Под светом ресторанных ламп, в тиши ночи,
Напротив, где-то метра за два на воде качаясь,
На нижних палубах пируют богачи,
Бесплатно неаполитанской песнью наслаждаясь.
Там вист и покер смирненько снуют
На яхте белокрылой с легкою осадкой,
И кельнеры из ресторанов блюда подают,
И пенная волна прибоя в уши песнью сладкой.
На следующий день в потоке солнца золотом
Идем наверх по нашей VIA ROMA.
Там с левой стороны под золотым крестом
Венчаются молодожены, осененные церковным звоном.
Пред церковью толпа, шикарные машины ждут,
Когда молодожены свой обет великий примут,
И под аплодисменты зрителей к ним подойдут,
А те, кто в церковь не попал, их поцелуют и обнимут.
Идем по VIA ROMA, позади оставив торжество,
Толпа людей вся в разговорах и духах проходит мимо.
Вот слева ювелирный: за витринами есть все,
Что женщину притягивает непреодолимо.
Брильянтовые драгоценные волшебные колье,
Часы «Картье» со вставками из изумрудов,
А кольца, кольца, словно как во сне —
Здесь все, что нужно для красавиц белозубых.
Немного дальше антикварный магазин.
Я на витрину посмотрел, и в обморок упал, похоже:
Там на коне, примерно 50х60, средневековый господин —
Таких с другими я не видел непохожих.
Все это можно купить только на острове Иския. Работа флорентийцев. Этот конь ждал нас 200 лет и, наконец, попал к нам в дом. 2005.
Наверное, он важным был послом,
И левая рука, с накинутым плащом, в привете,
И розовая шапочка, украшенная страуса пером,
И стрижка под каре под шапочкой прелестной.
Струёю, льющей из-под синего плаща,
Одежда желтая рубашкою одета,
А в правой повод держит от коня,
На поясе мешочек с золотом надет при этом.
А на ногах скроенные из кожи чоботы, друзья.

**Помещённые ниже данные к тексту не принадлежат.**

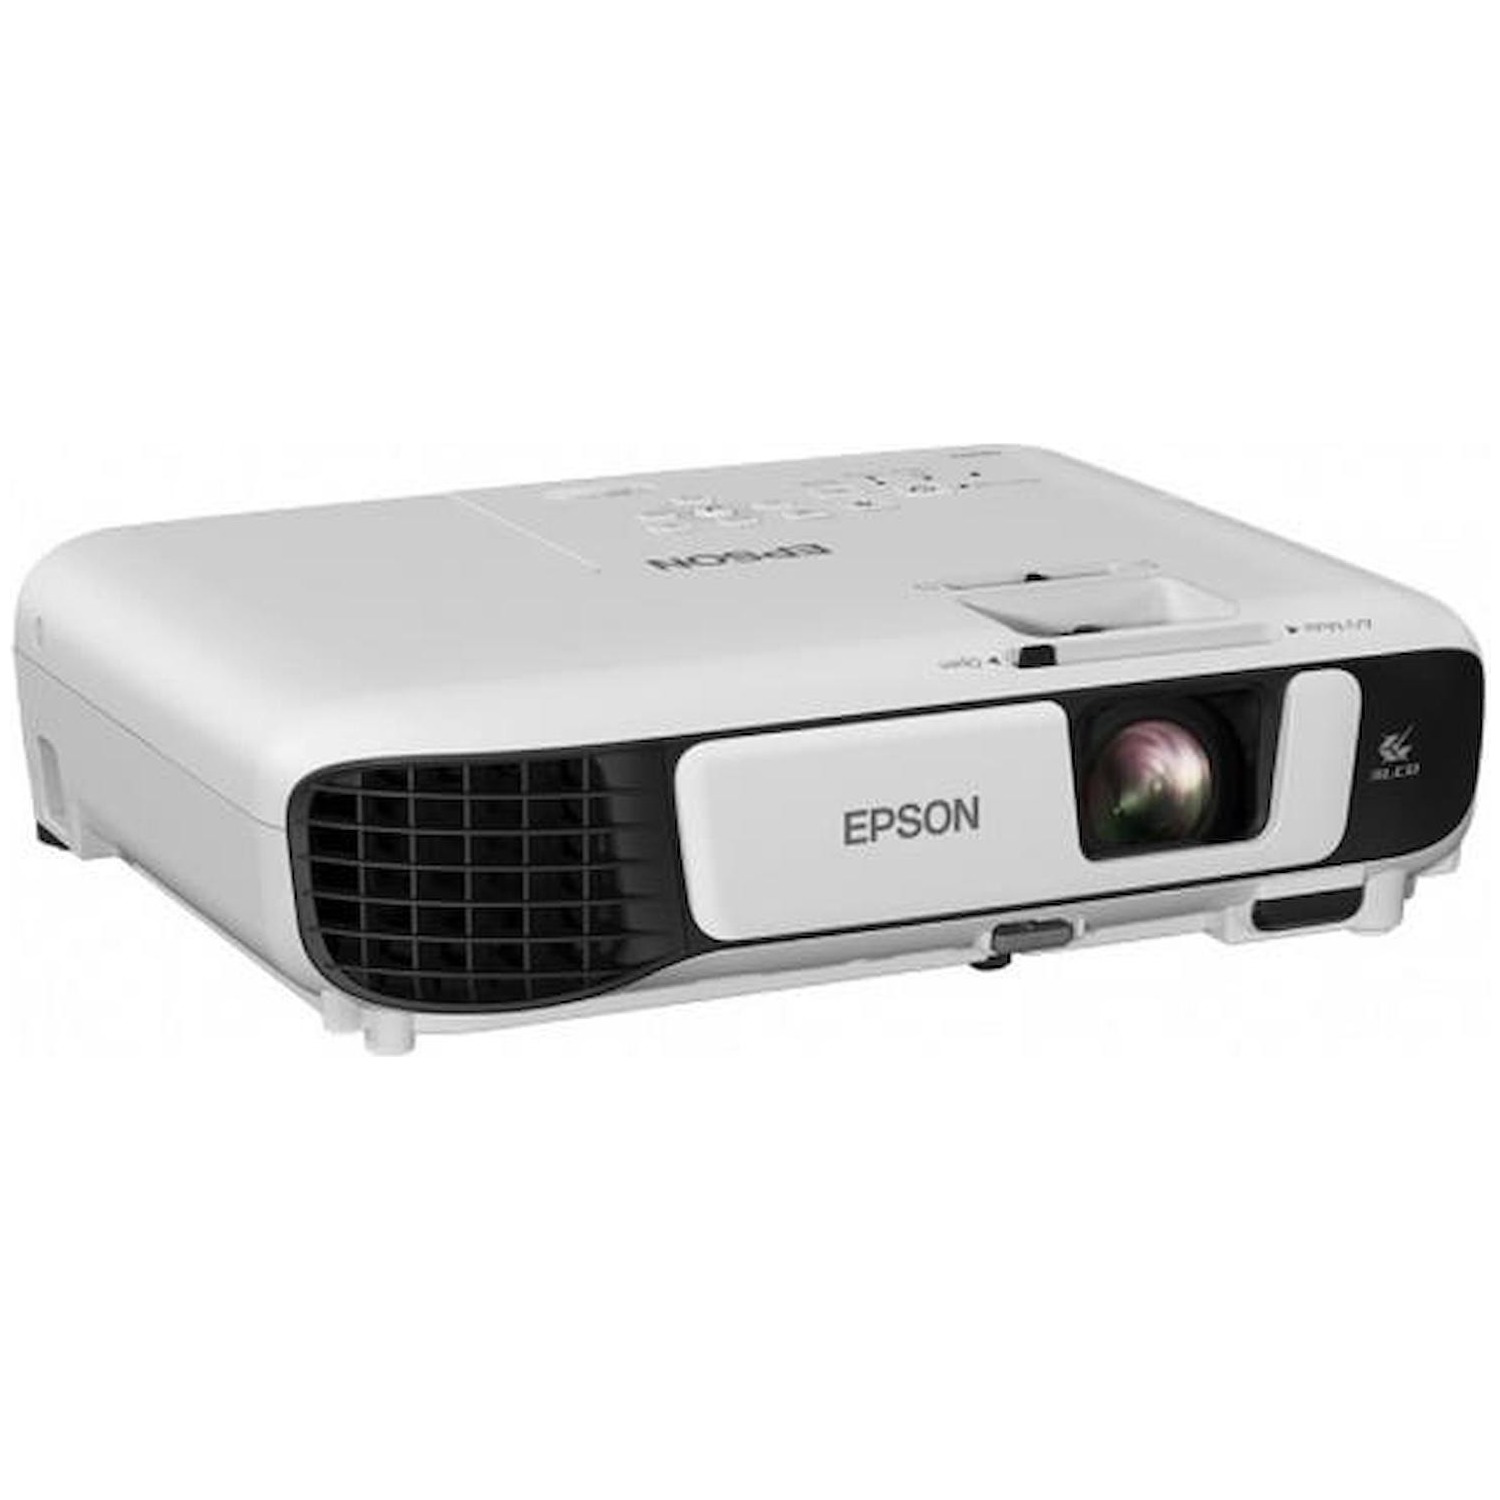 Immagine per Videoproiettore Epson 3LCD XGA 3600 ANSI da DIMOStore
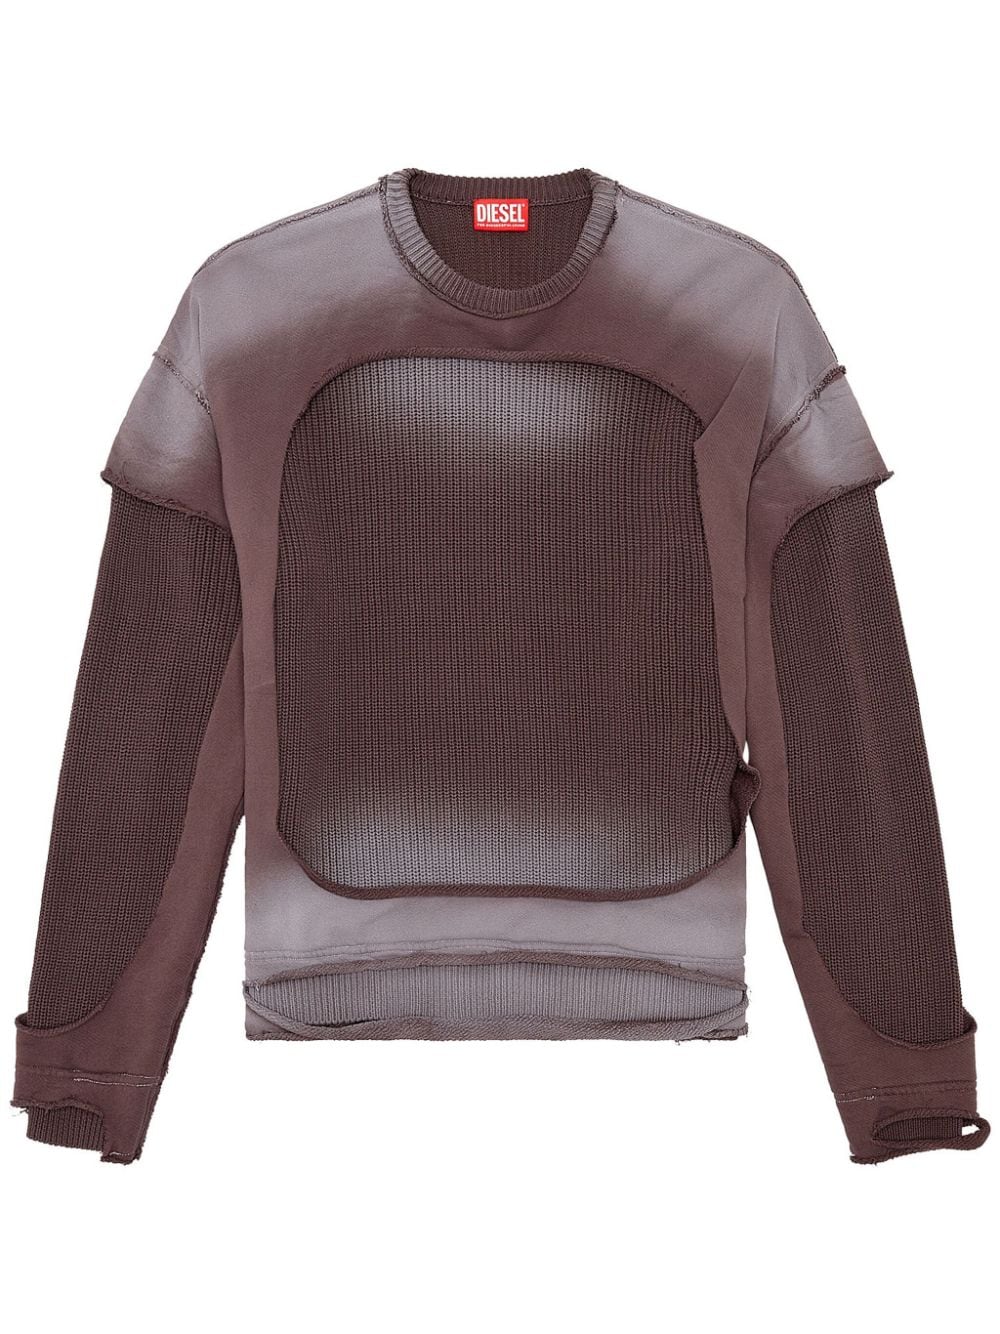 Diesel K-Osbert Sweatshirt in Distressed-Optik - Grau von Diesel

Сидит он на попоне, золотом покрытой,
Как будто говорит приезжий: «Здесь я, господа,
Встречайте, папский я посол, я с Грамотою именитой.»
А конь не вздыбленный, как конь Петра,
Он подустал в дороге, кушать хочет,
Он мордой вниз и щиплет траву со двора,
В коленях ноги подогнув, нелеп. Весь двор хохочет.
Он не военный конь, причесанная грива у него,
Заплетена в чудесную косу игриво и красиво,
А сбруя в золотых кистях – ему же все равно,
Ему бы травку пощипать, которою природа наградила.
В нем все естественно, рельефны мускулы на нем,
Любая жилка, как живая, в теле бьется.
Флоренция – искусство вечное огнем
Всю душу освещает, в сердце остается.
Какой же флорентийский скульптор сделал эти чудеса
150 назад? Я больше, к сожалению, о нем не знаю.
Обычно на миниатюре скульпторы не оставляют имена.
А жалко, лучше бы оставили, чтоб вспоминали.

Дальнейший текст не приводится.